We were entertained by a film shoot going on on the other side of the square. They were filming what appeared to be an Italian mafia scene where an actor shot a fake machine gun out a window into the square.
















One day we went wine tasting in Greve in Chianti. We researched wine tasting outside of Florence but everything was either way too expensive or required a private car so we took a bus about 40 minutes away to a little wine tasting room in a little town outside Florence that my friend and I had discovered three years earlier when we studied abroad.

If you're ever in Florence, this place is a gem. Our tickets cost maybe 3 euro each way, we spent around 18 euro on tasting, which occupied the entire day. Before wine tasting we got lunch, and obviously what I got wasn't memorable because I can't remember it, but Nate got pasta with red pepper flakes and garlic. It sounded really weird to me, but was surprisingly delicious.

We saw signs for a wholesale leather factory on a map by the bus stop and wandered around past dark trying to find it. The homes in the little town are some of the most picturesque I've ever seem. I dreamed of moving here, living simply, and making homemade pasta every day. I think I'd die happy. We finally found the "leather factory" where a woman lead us up an empty office building to a room full of really expensive purses and watched as we shopped. It was weird. We didn't buy anything. We then waited for the bus back to Florence for about 45 minutes, in which time, 2 buses were supposed to have showed up.  Finally a bus comes barreling down the two lane road at what felt like 60 miles per hour. In Florence, you flag down the bus, but if you flag down a taxi it won't stop. Very odd, I know. The four of us at the bus stop when running and flailing our arms like crazy people after the bus which politely came to a screeching halt a block or so after the stop. We passed out on the bus ride home, and promptly ate gelato upon returning to the city. It was such a good day.




















The other days spent in Florence were a blur of pasta, gelato, panninis, biscotti, and pizza.
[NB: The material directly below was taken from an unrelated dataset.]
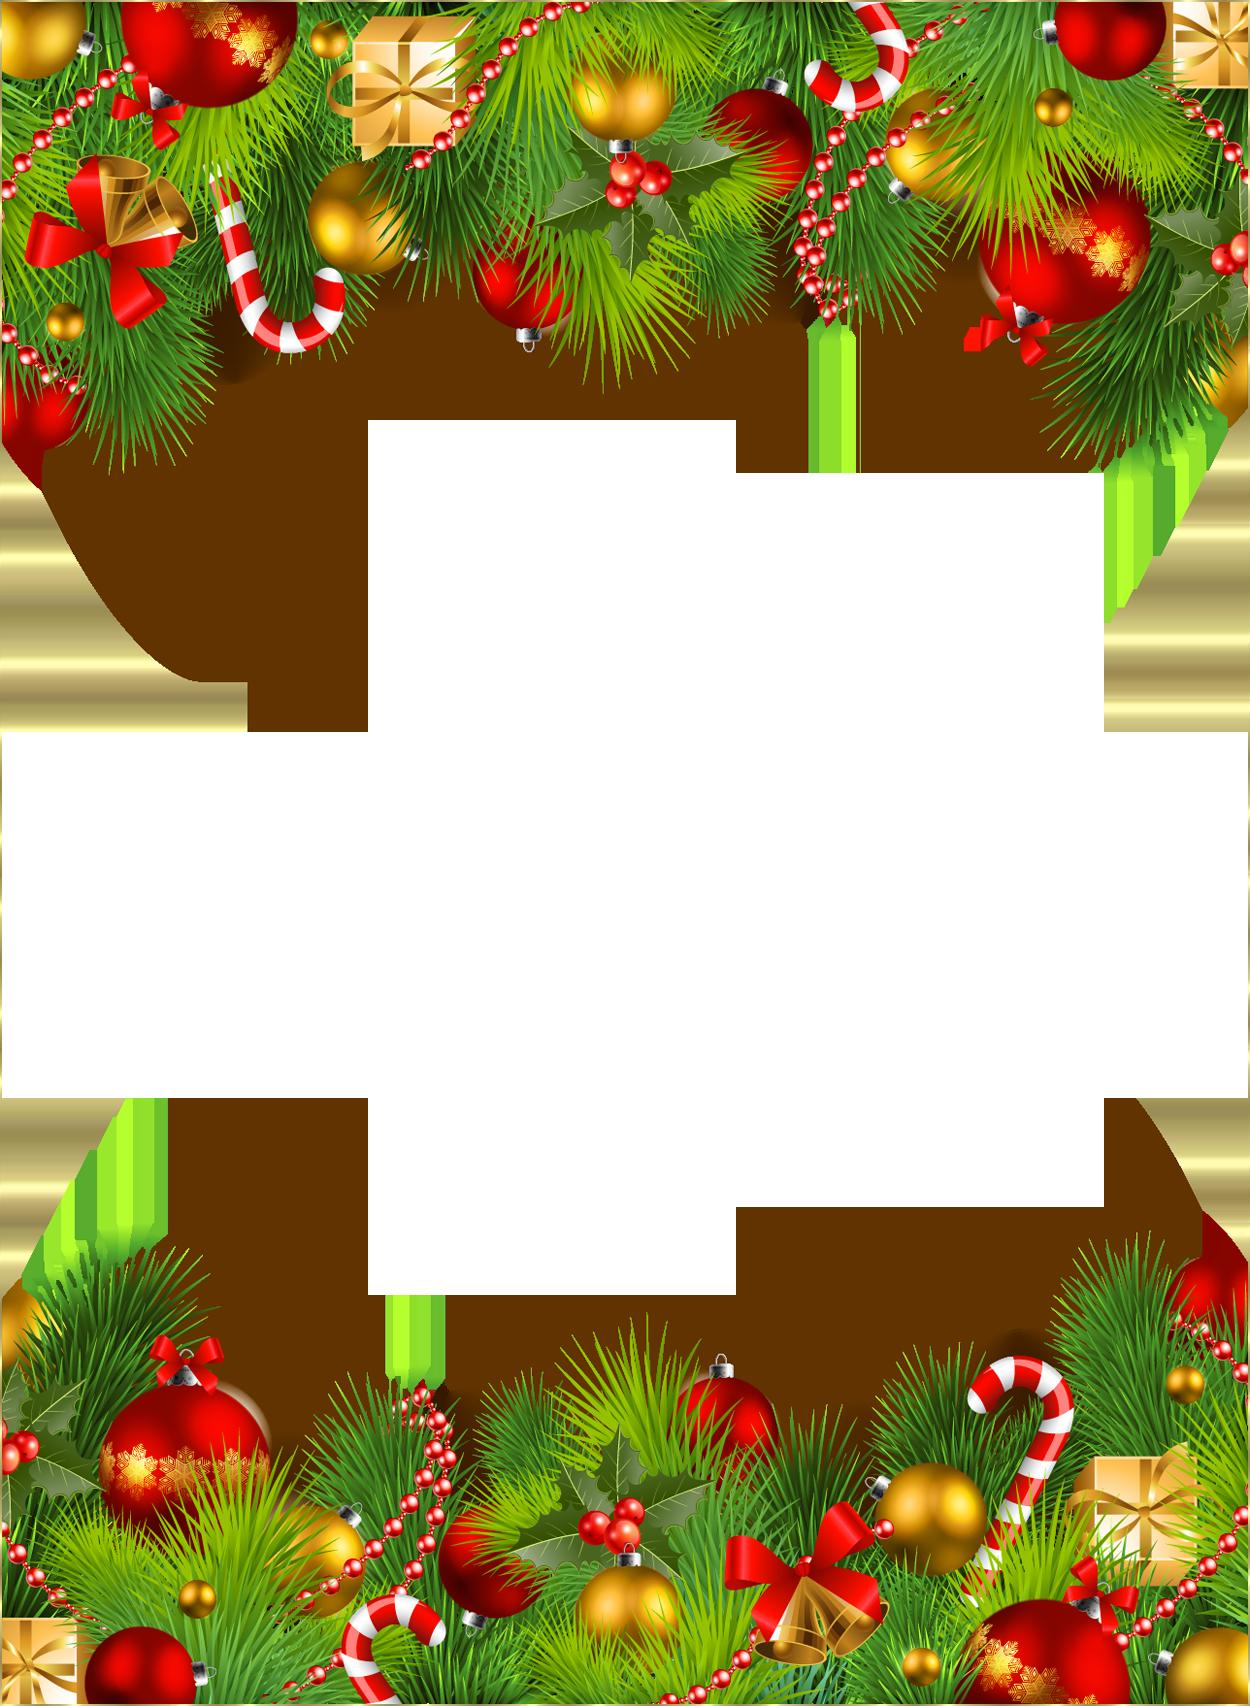 Christmas Gifts Png Image ima
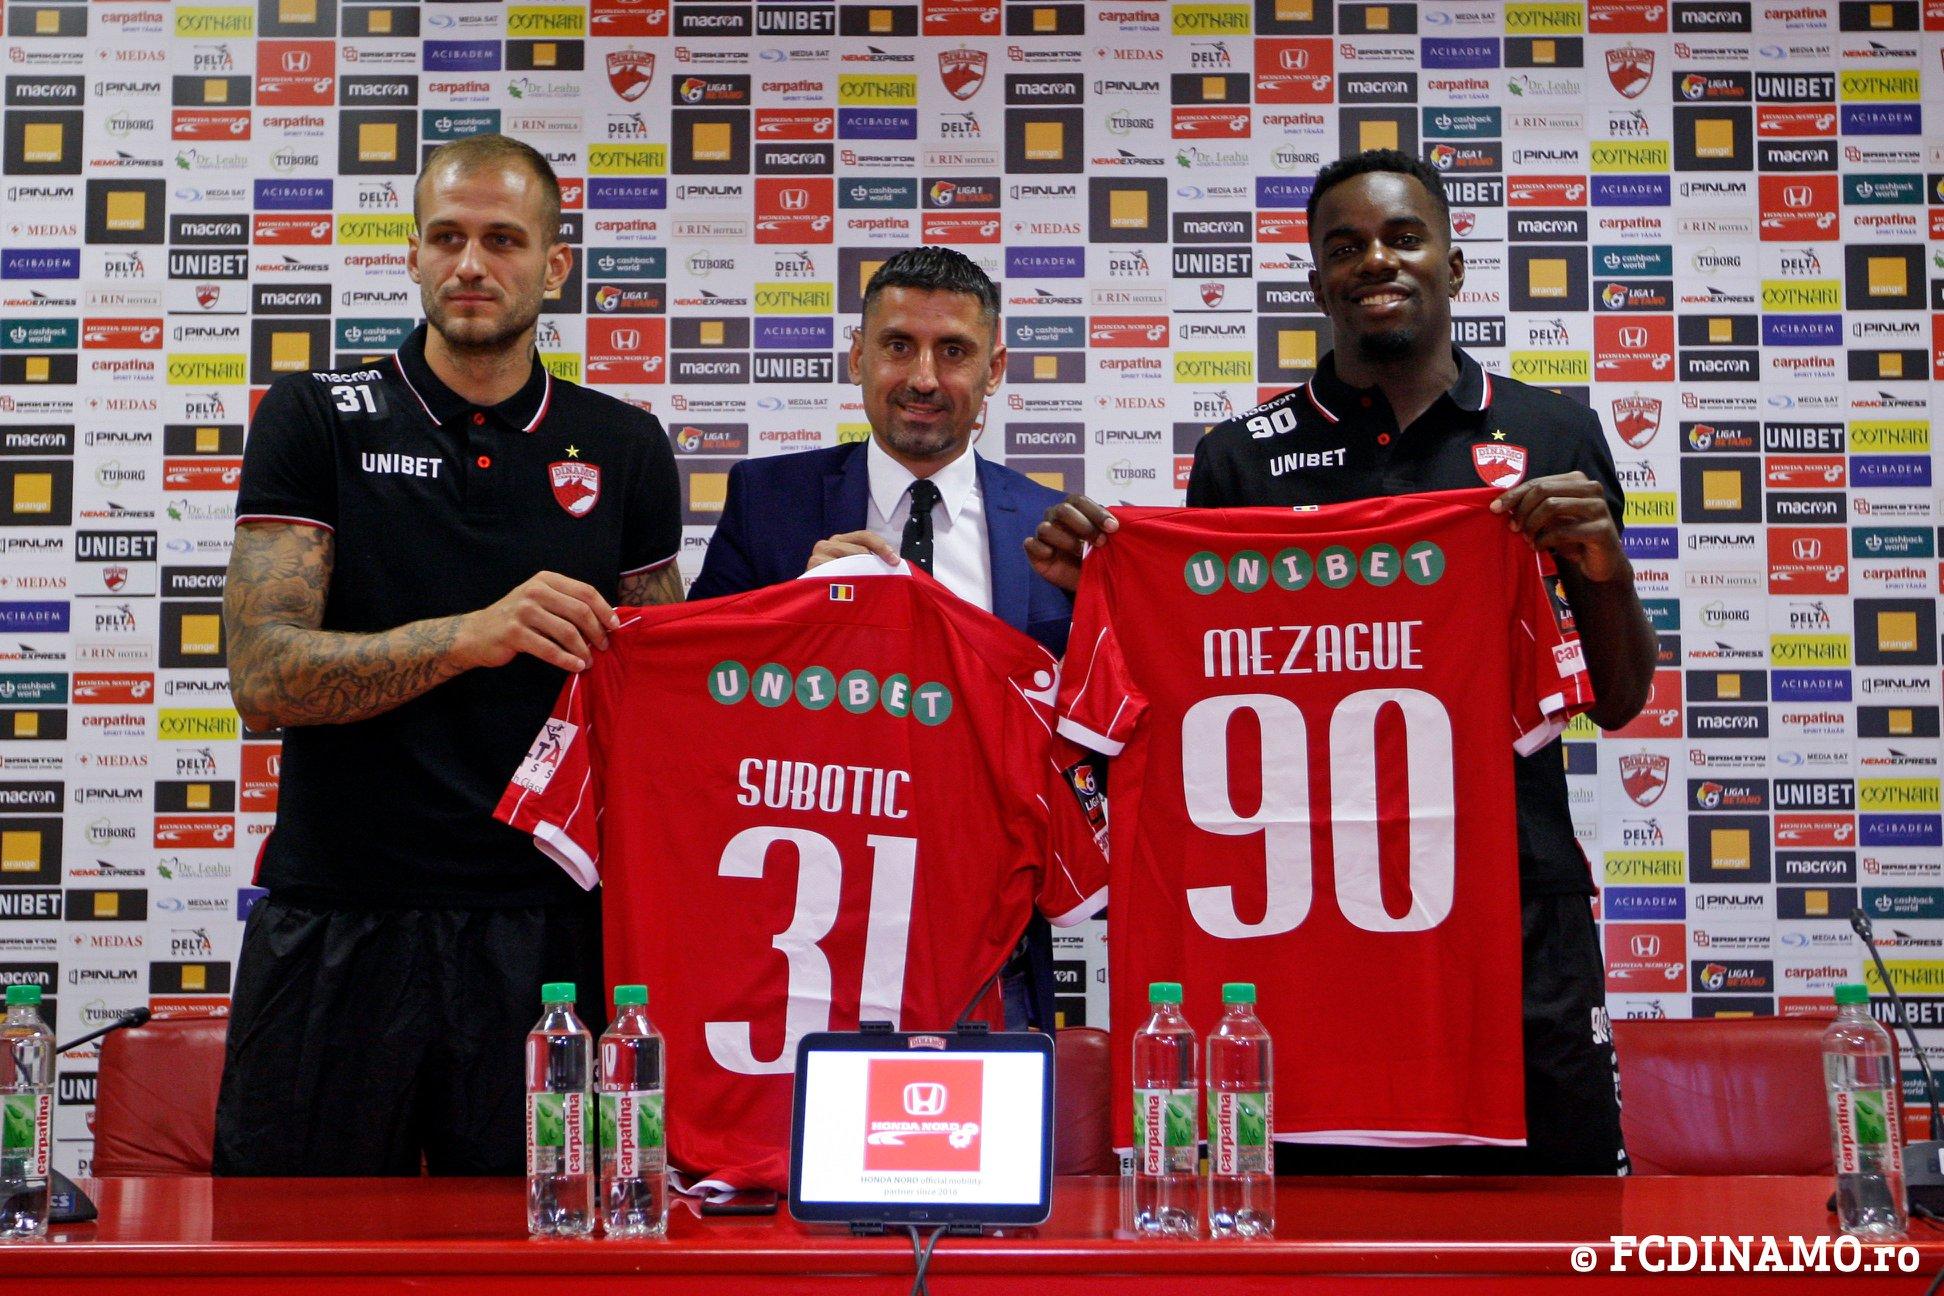 Danijel Subotic, declaraţie războinică după ce a fost prezentat oficial la FC Dinamo Bucureşti. Atacantul în cadrul unei conferinţe de presă alături de Ionel Dănciulescu şi Teddy Mezague

We discovered late in the trip that lunches were better, cheaper and more vegetarian. And like every other place in the world - dinner was all about the meat - Florentine Steak to be exact. I'd hyped the food up a lot because in my "college-aged-all-I-know-how-to-cook-is-grilled-cheese-mind" every meal was mind blowing. This time, I think both my standards and expectations had been raised a bit.

Okay so we did some other things too. I decided the one thing I wanted to take home from this vacation was an Italian pasta bowl. I wanted something just as hand-crafted, special, and full of love as my homemade pasta itself. We went to a beautiful little shop called Lorenzaccio where my mom and I had been years earlier as per the recommendation from a family friend. At the time I was more concerned with being 19 than with serveware, but times have changed and I'd been dreaming of this bowl for weeks. Oddly everything was five times as expensive as I'd remembered. Funny how that happens. I ended up getting an advance on my Christmas present for the year and left with the prettiest pasta bowl I ever did see and a pitcher to match. It's probably the most special thing I own now.



It was rough choosing



I will return for you, plate!!! 


From a food perspective, the Mercado Centrale was a dream. I'd been before but appreciated it so much more this time. We bought truffle dip, sun-dried tomatoes, and cookies. And I watched them make fresh pasta in a little factory surrounded by glass walls for a good 30 minutes. I adore everything about home made pasta. A pasta making class was what first really got me going onto this food obsession and the process will always hold a special place in my heart.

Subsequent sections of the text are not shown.